Is the Times correct? Well, it is clear that pre-9/11 declarations
of national emergency have authorized martial law. For example, as summarized
by a former fellow for the Hoover Institution and the National Science Foundation,
and the recipient of numerous awards, including the Gary Schlarbaum Award for
Lifetime Defense of Liberty, Thomas Szasz Award for Outstanding Contributions
to the Cause of Civil Liberties, Lysander Spooner Award for Advancing the Literature
of Liberty and Templeton Honor Rolls Award on Education in a Free Society:
In 1973, the Senate created a Special Committee on the Termination of the
National Emergency (subsequently redesignated the Special Committee on National
Emergencies and Delegated Emergency Powers) to investigate the matter and
to propose reforms. Ascertaining the continued existence of four presidential
declarations of national emergency, the Special Committee (U.S. Senate 1973,
p. iii) reported:
"These proclamations give force to 470 provisions of Federal law.

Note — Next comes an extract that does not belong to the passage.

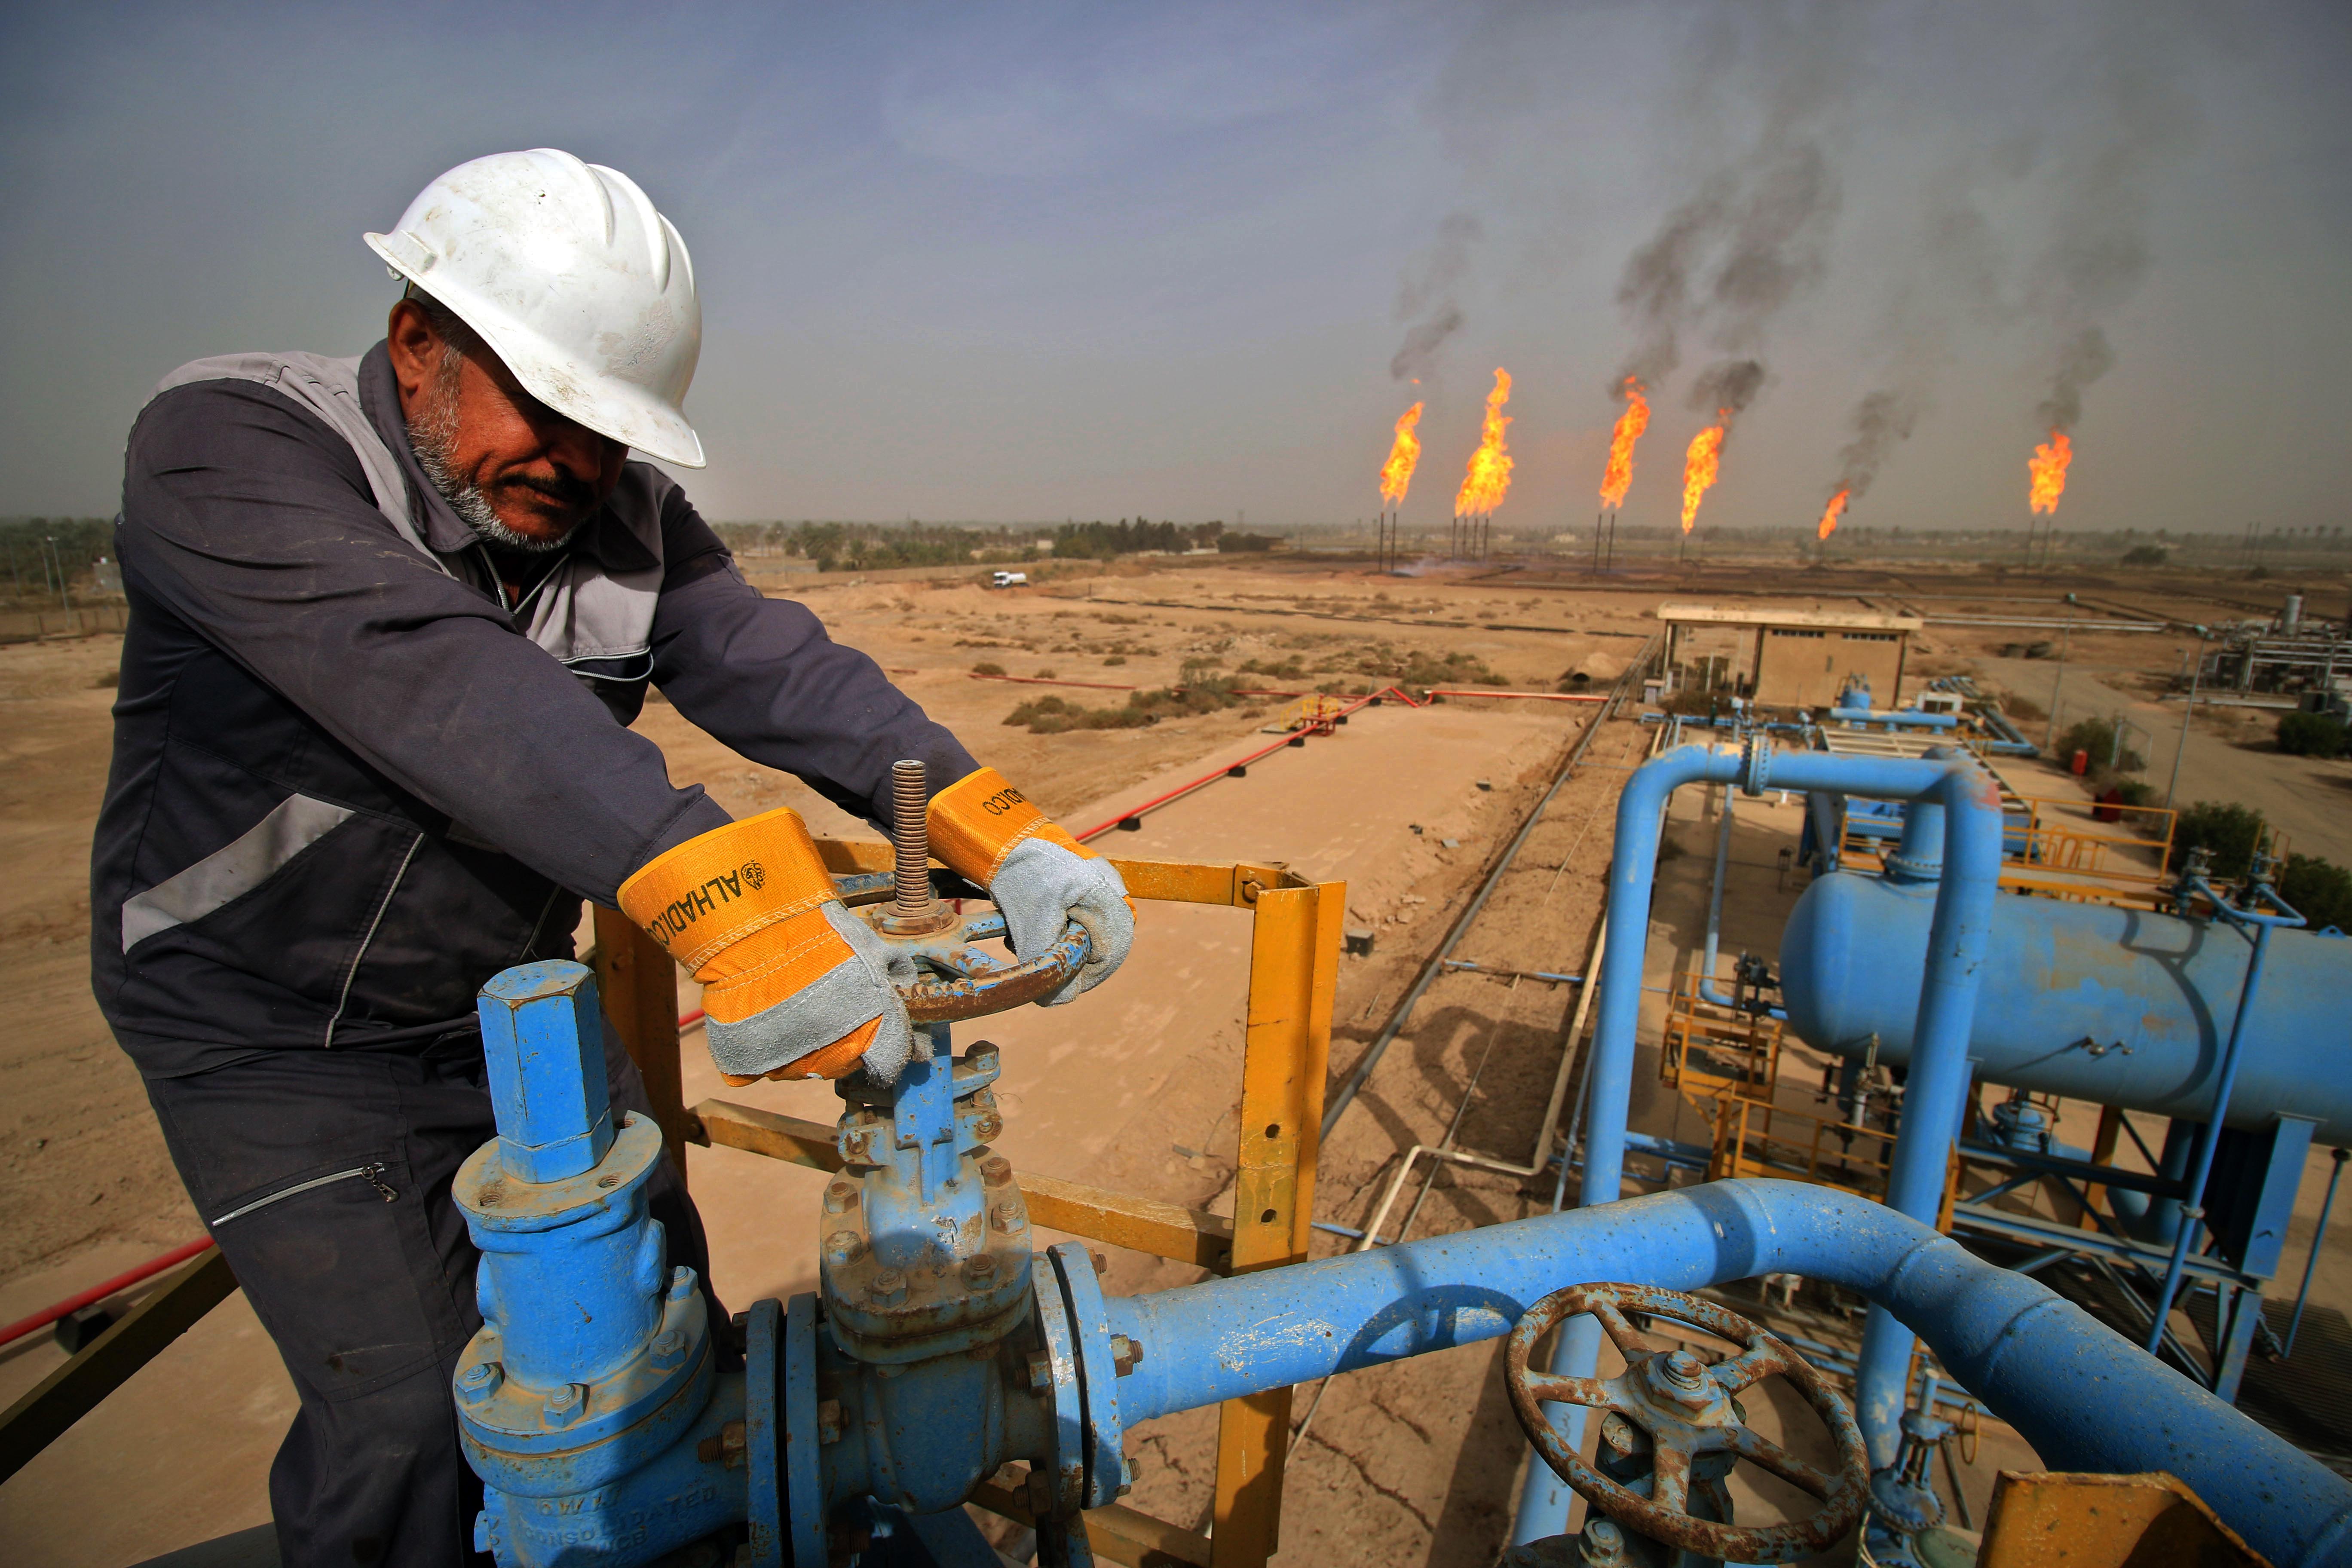 أحد العمال في حقل نهر بين عمر للنفط في البصرة جنوب العراق (أ ف ب)

. . . taken together, [they] confer enough authority to rule the country
without reference to normal constitutional processes. Under the powers
delegated by these statutes, the President may: seize property; organize
and control the means of production; seize commodities; assign military
forces abroad; institute martial law; seize and control all transportation
and communications; regulate the operation of private enterprise; restrict
travel; and, in a plethora of particular ways, control the lives of all
American citizens."
(Most or all of the emergency powers referred to by the above-quoted 1973
Senate report were revoked in the late 1970's by 50 U.S.C. Section 1601. However,
presidents have made numerous declarations of emergency since then, and the
declarations made by President Bush in September 2001 are still in effect).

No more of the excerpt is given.